In the evaluation of risks, both ChatGPT and Bard demonstrated comprehensive considerations. Risks, encompassing physical, psychological, emotional, and social aspects, were weighed by both models. ChatGPT provided nuanced insights, acknowledging various dimensions of risks and their potential impact on the adolescent’s development.

3.3. Privacy

The level of privacy a child is entitled to, according to ChatGPT, is contingent upon the child’s age and demonstrated level of responsibility. The degree of privacy afforded to the child is directly linked to their capacity to handle it. The greater the level of responsibility parents attribute to the child, the greater the degree of privacy the child will receive. This perspective posits that the concept of privacy is not static, but rather dynamically evolving in consonance with an individual’s age and corresponding expectations of personal autonomy and responsibility.

Bard’s understanding of privacy included age and legal implications, with occasional confusion regarding age distinctions. The age limit for parental notification varied, often aligning with legal adulthood at 18, but with exceptions based on specific cases such as alcohol use, since the minimum age for alcohol consumption in Belgium is 16. Thus, we can conclude that Bard did not truly grasp the meaning of the concept of ”privacy”, although it was a word frequently used throughout all of the interviews.

3.4. Differences in Responses between LLMs and Human Participants

The primary distinctions between the responses generated by ChatGPT and Bard and those from human participants were most evident in their treatment of the concept of “privacy”. Both ChatGPT and Bard addressed privacy, albeit with distinct nuances, whereas this aspect was notably absent in human responses. In ChatGPT’s outputs, privacy emerged as a complex concept intricately tied to the developmental stage of adolescents and the level of responsibility entrusted to them. Bard’s responses, on the other hand, also incorporated age considerations, but the legal framework played a more prominent role in shaping decision making, a facet less emphasized in ChatGPT’s outputs. In both instances, the degree of adolescent responsibility correlated with an escalation in the confidentiality maintained between the doctor and the adolescent.

Nuanced differences also surfaced in the discussion of etiology, as depicted in Figure 1. A consistent aspect raised by human parents, but absent in both ChatGPT’s and Bard’s responses, pertained to the nature of the issue, distinguishing between physical and mental health concerns. Intriguingly, risks, delineated as a separate category within etiology, were absent in the human responses but featured prominently in both ChatGPT’s and Bard’s outputs. These responses spanned physical risks as well as risks to mental, emotional, and social well-being.

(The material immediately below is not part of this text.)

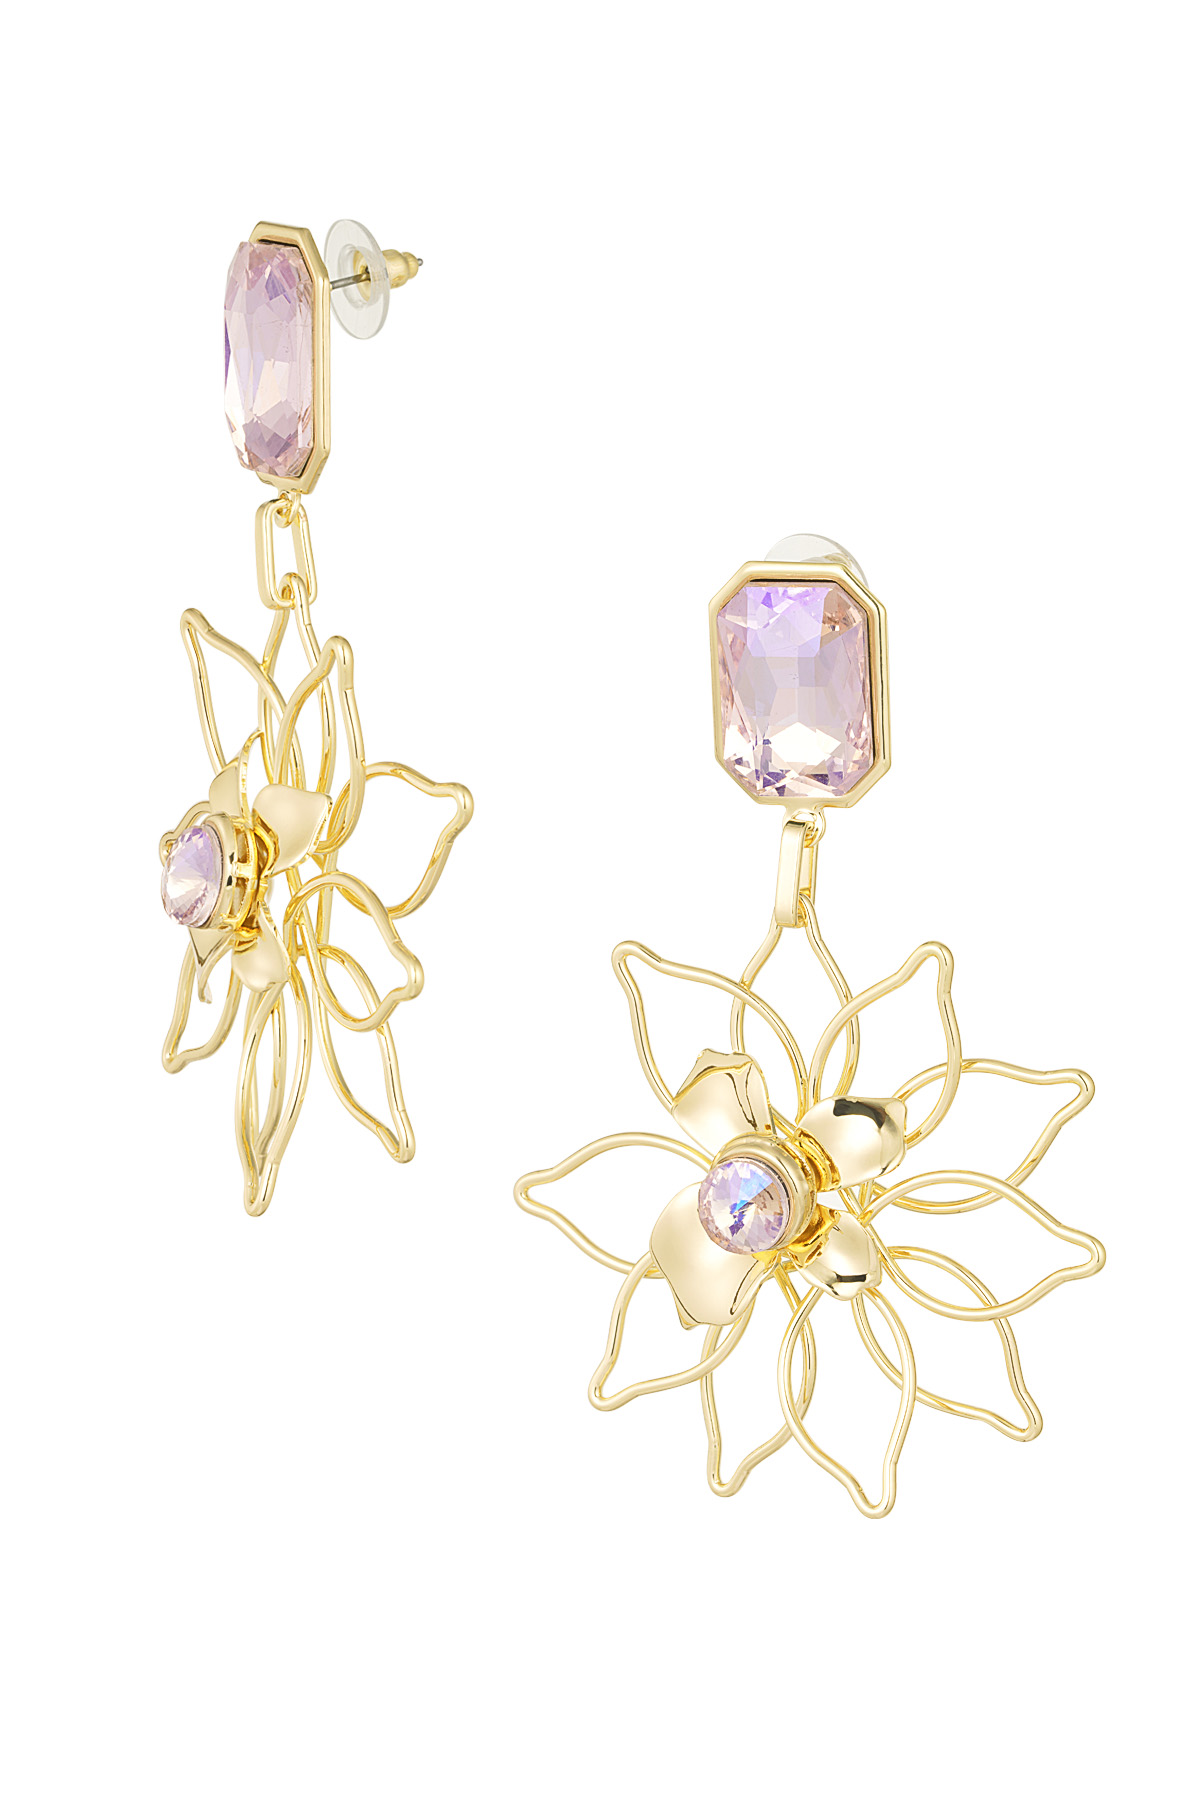 Sparkly earrings with flower pendant - pink h5 
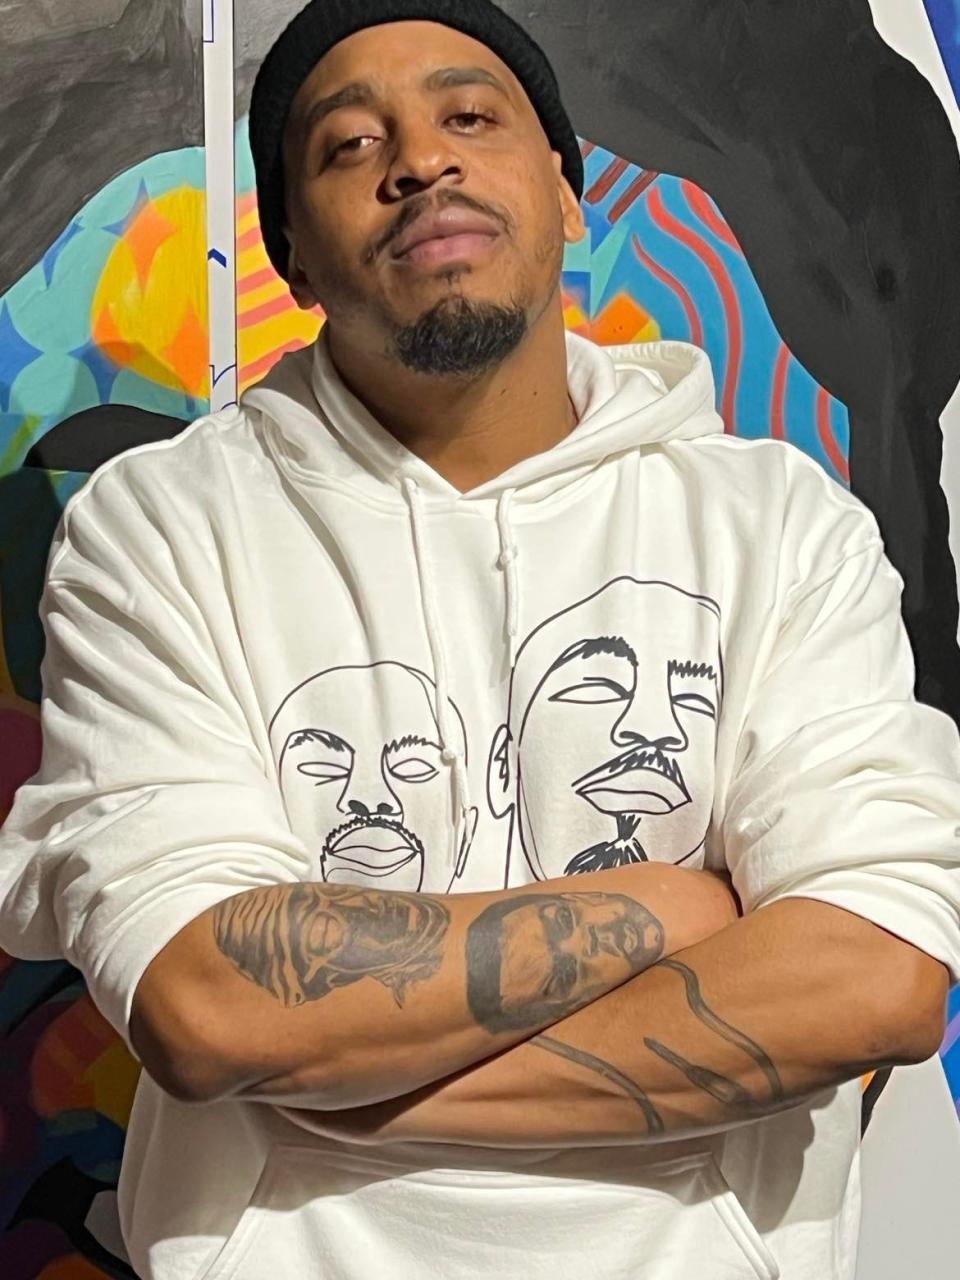 Jéan P the MC, whose name is Jéan Pierre Johnson, is a Canton area-based rapper and hip-hop artist. Jéan P released a new album last year and also hosts a podcast about music, culture and art.

Figure 1. Schematic overview of the main themes of parental perceptions regarding adolescent confidentiality in AI and human participants.

In contrast to Bard’s responses, both ChatGPT and human perspectives addressed the frequency of incidents as a subcategory within etiology, with particular emphasis on cases involving alcohol intoxication. The frequency of incidents influenced parental expectations, with a higher incidence leading to a diminished expectation of confidentiality, as parents expected to be informed. Bard’s responses, especially regarding alcohol-related cases, placed heightened emphasis on legal considerations and the trust dynamic between the physician and the parent.

Across both human and ChatGPT responses, the central focus on trust within relationships was observed primarily in the context of the physician–adolescent relationship. Parents recognized this relationship as pivotal, acknowledging that a breach of trust could potentially leave adolescents feeling isolated and unsupported. In Bard’s responses, while the physician–adolescent relationship remained significant, it was grounded more in medical confidentiality than trust. Notably, the parent–physician relationship, frequently highlighted by Bard, was not as prominently featured in ChatGPT or human responses.

4. Discussion

The inclusion of AI as a participant in qualitative research raises profound questions regarding the reliability and ethical implications of AI-generated data. It also prompts inquiries into AI’s capacity to mimic human emotions and the potential for AI to enrich the research experience.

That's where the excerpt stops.